◆ **PROMPT**
For this exercise, copy all the data exactly and include none of the pictures.
____ DATA EXTRACT
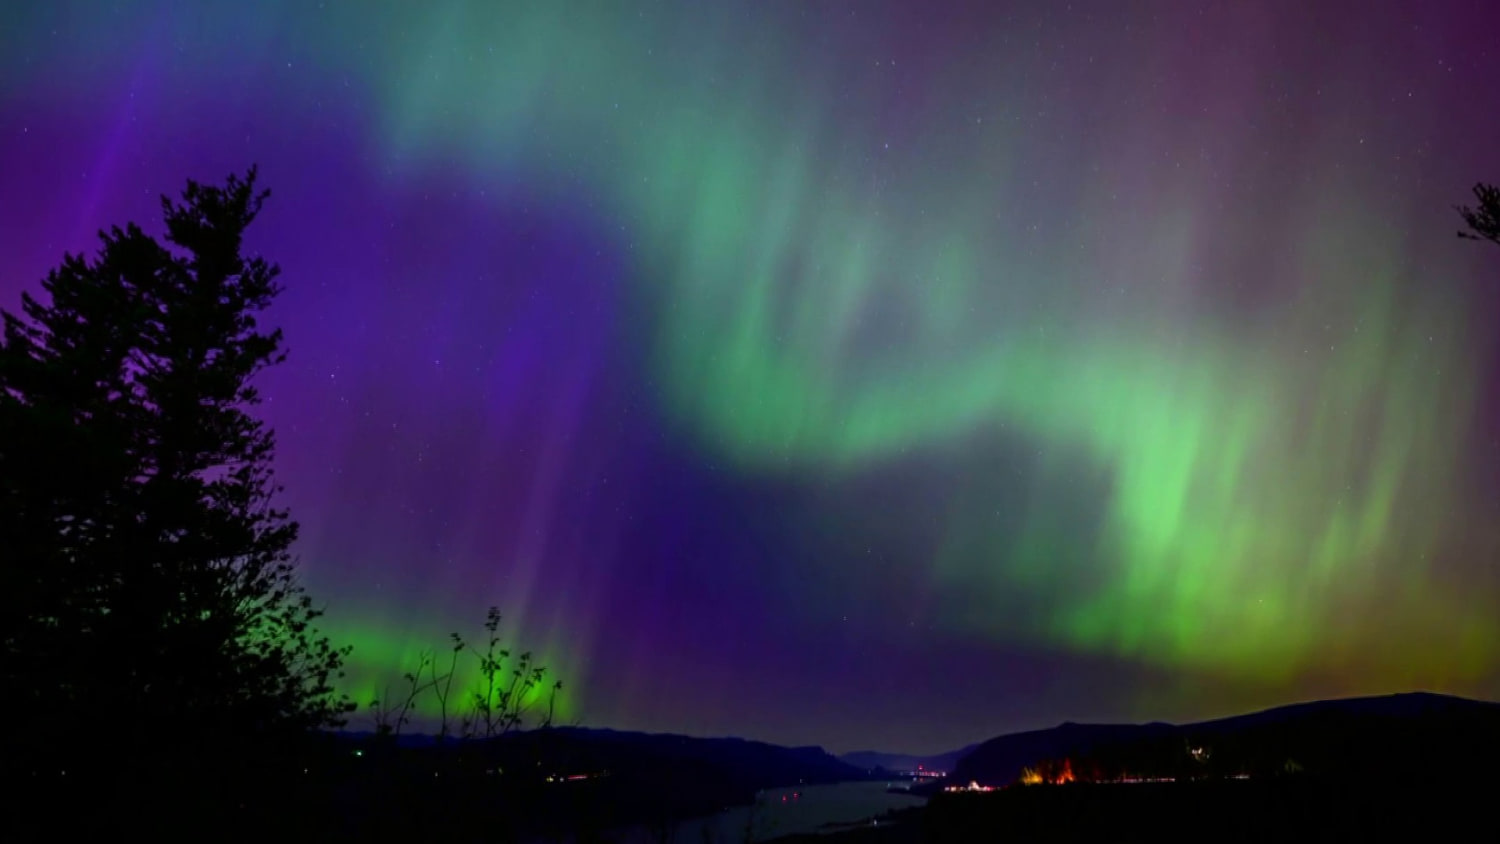 Stunning display of Northern Lights seen around the world
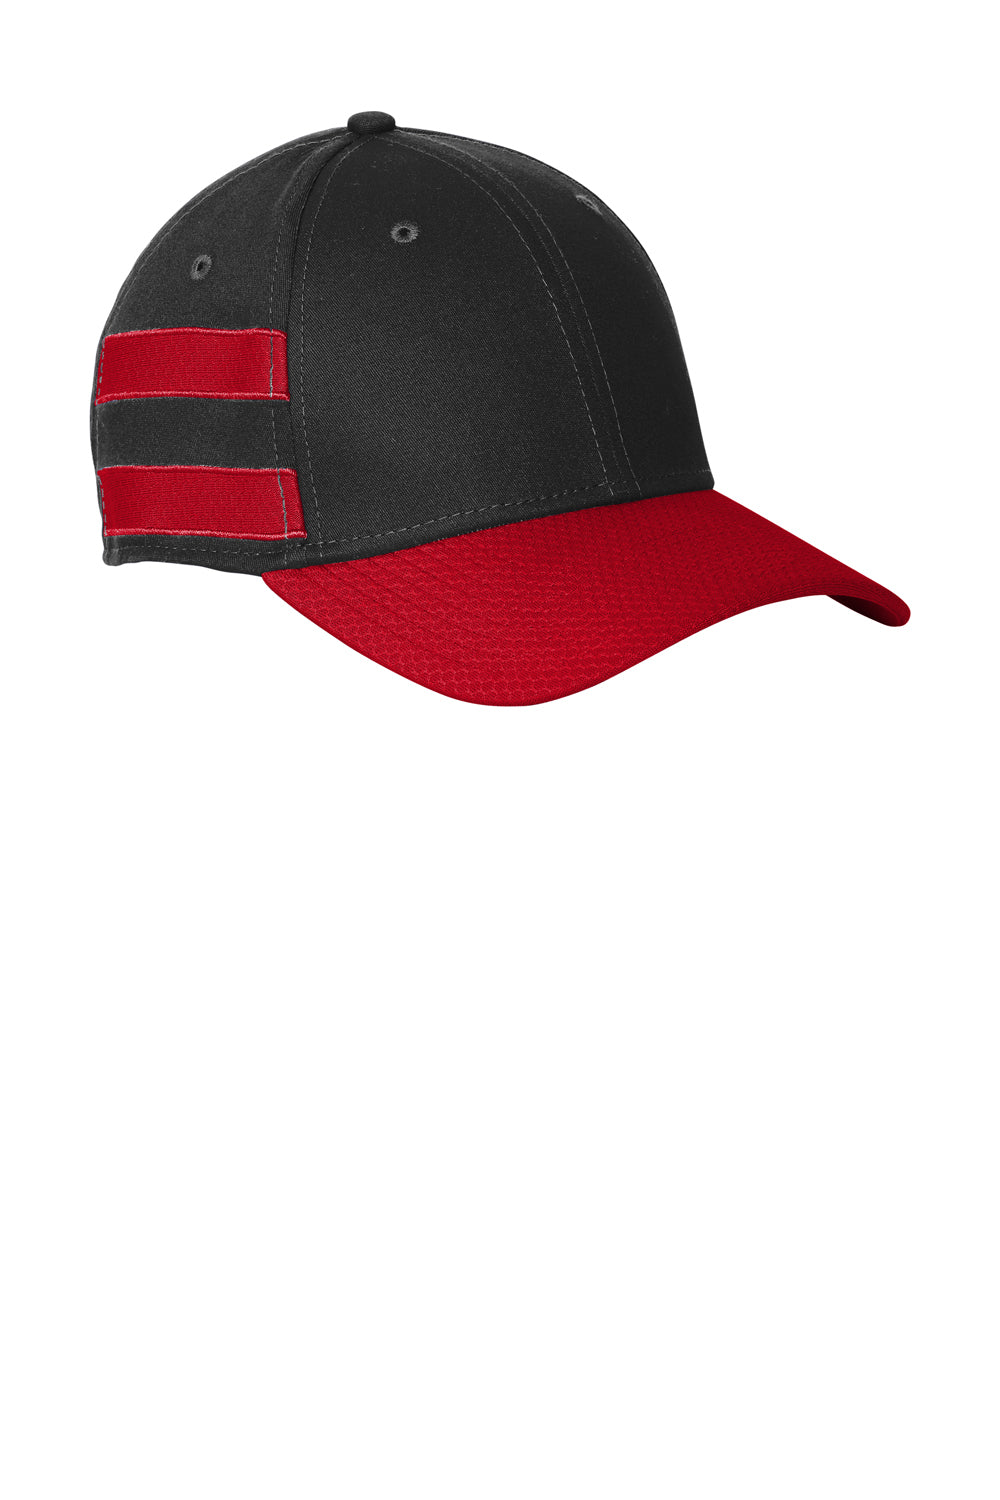 New Era NE1122 Striped Stretch Fit Hat Black/Scarlet Red Back
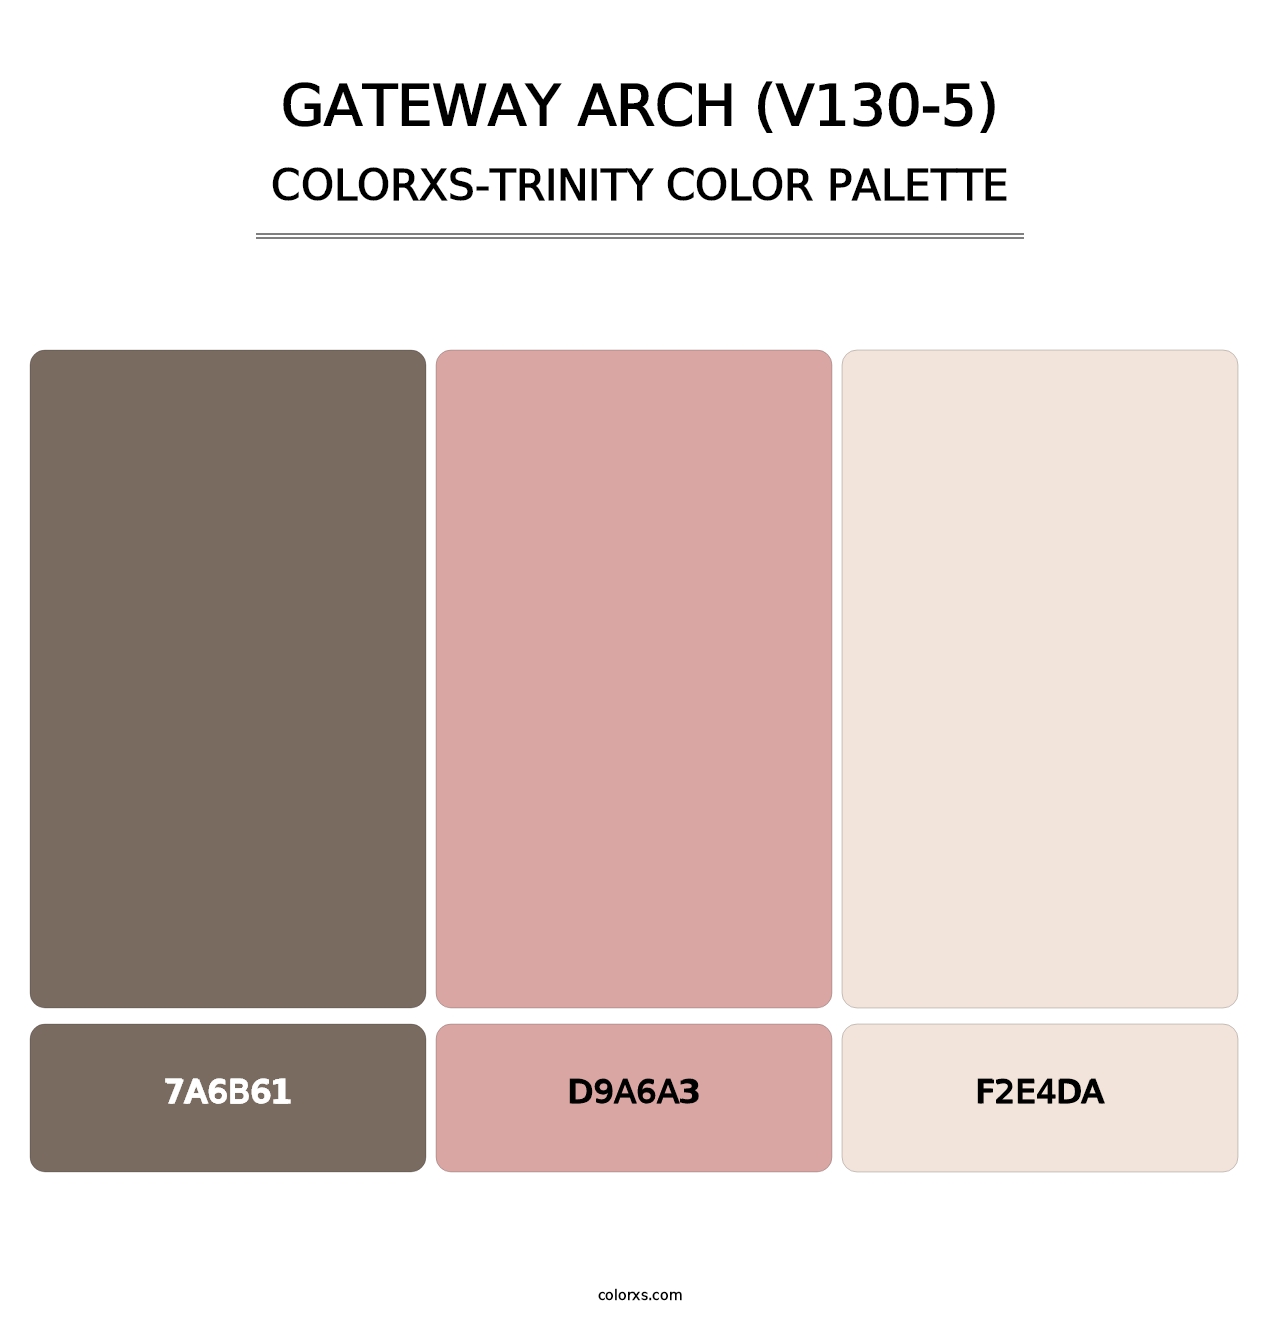 Gateway Arch (V130-5) - Colorxs Trinity Palette
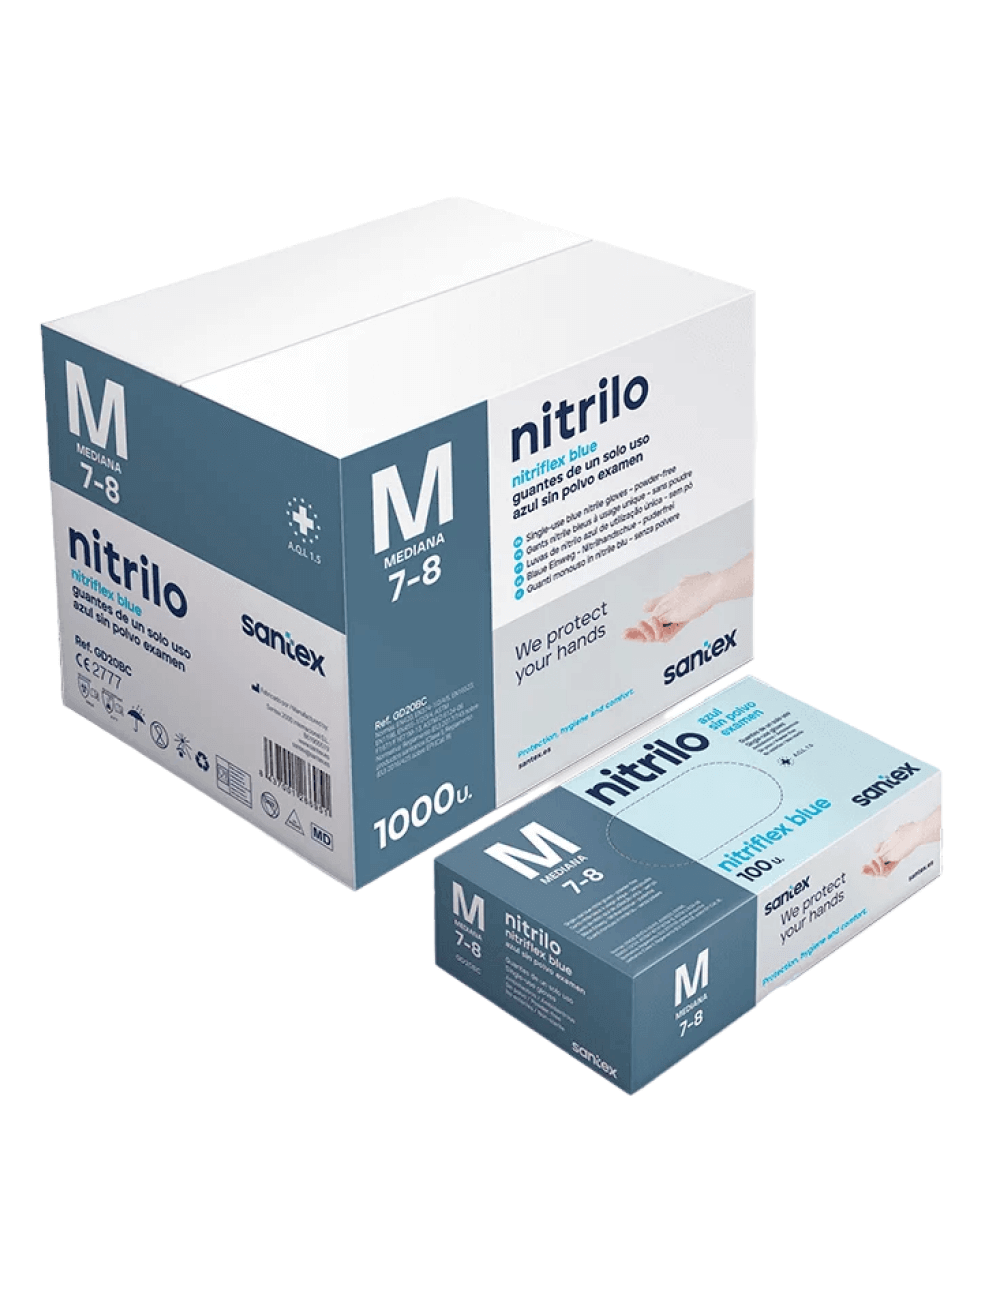 Guantes de nitrilo talla M - 100 unidades
________
◆ **RESULT BELOW**
 Stunning display of Northern Lights seen around the world
 New Era NE1122 Striped Stretch Fit Hat Black/Scarlet Red Back
 Gateway Arch (V130-5) - Colorxs Trinity Palette
 Guantes de nitrilo talla M - 100 unidades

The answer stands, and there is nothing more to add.